You may have already tried some of these, but we will go through the motions;

*One*

Check all your media slots have nothing in them, i.e. USB, CD/DVD drive and flash drives etc. Try a start with AC cord only, and no battery, then no AC with battery only, if that didn’t work then let’s move on.

*Two*

1. Remove the battery and AC cord. Remove the bottom cover/covers of your laptop and make sure the cooling path is free of fluff and dust. Check the heat sink on the CPU is not loose, if so tighten the screws back down that hold it on.
2. Remove and reseat your RAM modules.
3. Replace your covers.
4. Hold down your power button for 1 minute (Battery and AC still disconnected).
5. Replace your AC power (not battery) and turn on.

This is called a hard reset. If it works COOL, then replace your battery. If that didn’t work then let’s move on.

*Three*

Remove your HD, and try starting your laptop. If it goes through the POST, and then a black screen appears with the message _*Operating System Not Found*_, and remains at this screen, then your HD is faulty. Replace with new HD. If that didn’t work then let’s move on.

*Four*

Next prove you dont have bad RAM. You need to identify what one is faulty. Remove all the RAM. Take one stick at a time, and swap it around the RAM slots to see if the laptop will start. You have now identified the good RAM. If each stick produces the fault, then you may have two sticks of bad RAM or a bad RAM slot. Borrow or buy known working RAM. If that didn’t work then let’s move on.

*Five*

Make sure your CPU is seated correctly, if that didn’t work, borrow or buy new/secondhand known working CPU. If that didn’t work then let’s move on.

*Six*

Next is the GPU, the graphics chipset. This is not so easy, as most are integrated onto the motherboard. If yours is a high end laptop then you may have a removable graphics card. Remove and reseat this, if that did not work, borrow or buy known working GPU.

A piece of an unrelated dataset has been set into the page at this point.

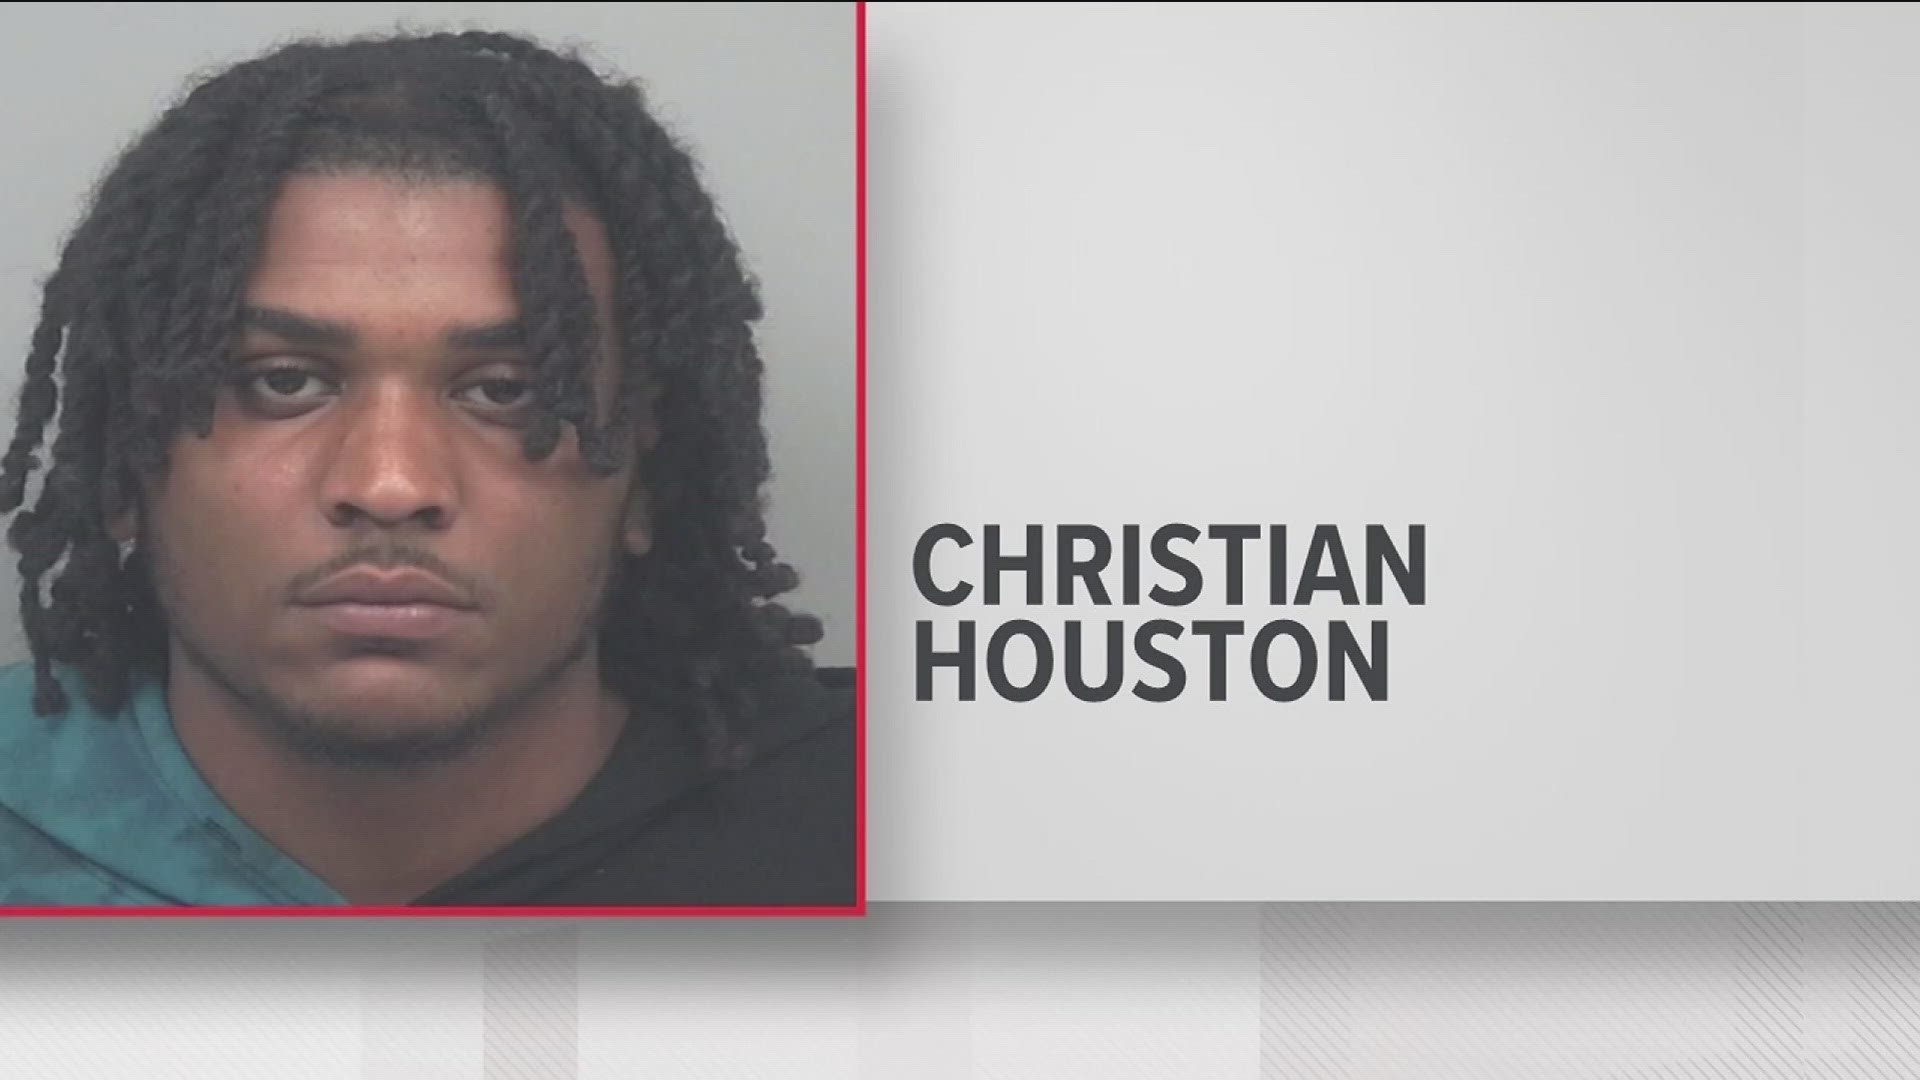 Detectives said 19-year-old Christian Houston is being charged with felony murder, among other crimes.

For integrated graphics there are diverse ways to try a repair, but not now.

As you will have worked out by now, this is not a fault with one common solution, so that is why we have to follow a process of ilimination to identify faulty hardware before we can say its a motherboard fault.

So now you have to balance out the cost of sending it to a laptop tech or trying to prove the hardware faults using the above methods.


----------



## wgsk (Feb 5, 2010)

I have the same issue with my daughter's laptop (Acer Aspire 4520). The power button comes on when pressed and couple of blinking lights. No luck in chaning RAM/HD/etc. I bought 2 of these laptops together at Staples in Dec 2007 one is working alright as of now but the other one is not booting.

I bought this new in Dec 2007 and it's out of warranty. Acer wants $199 + shipping to fix it. 

I don't think it's worth the money to fix it?

Please let me know what could be the problem?

Thanks in advance!

I will avoid ACER from now on.


----------



## night_shift (Sep 8, 2009)

wgsk and SkullMann

Heres an improved fault finding method to the one in post #2.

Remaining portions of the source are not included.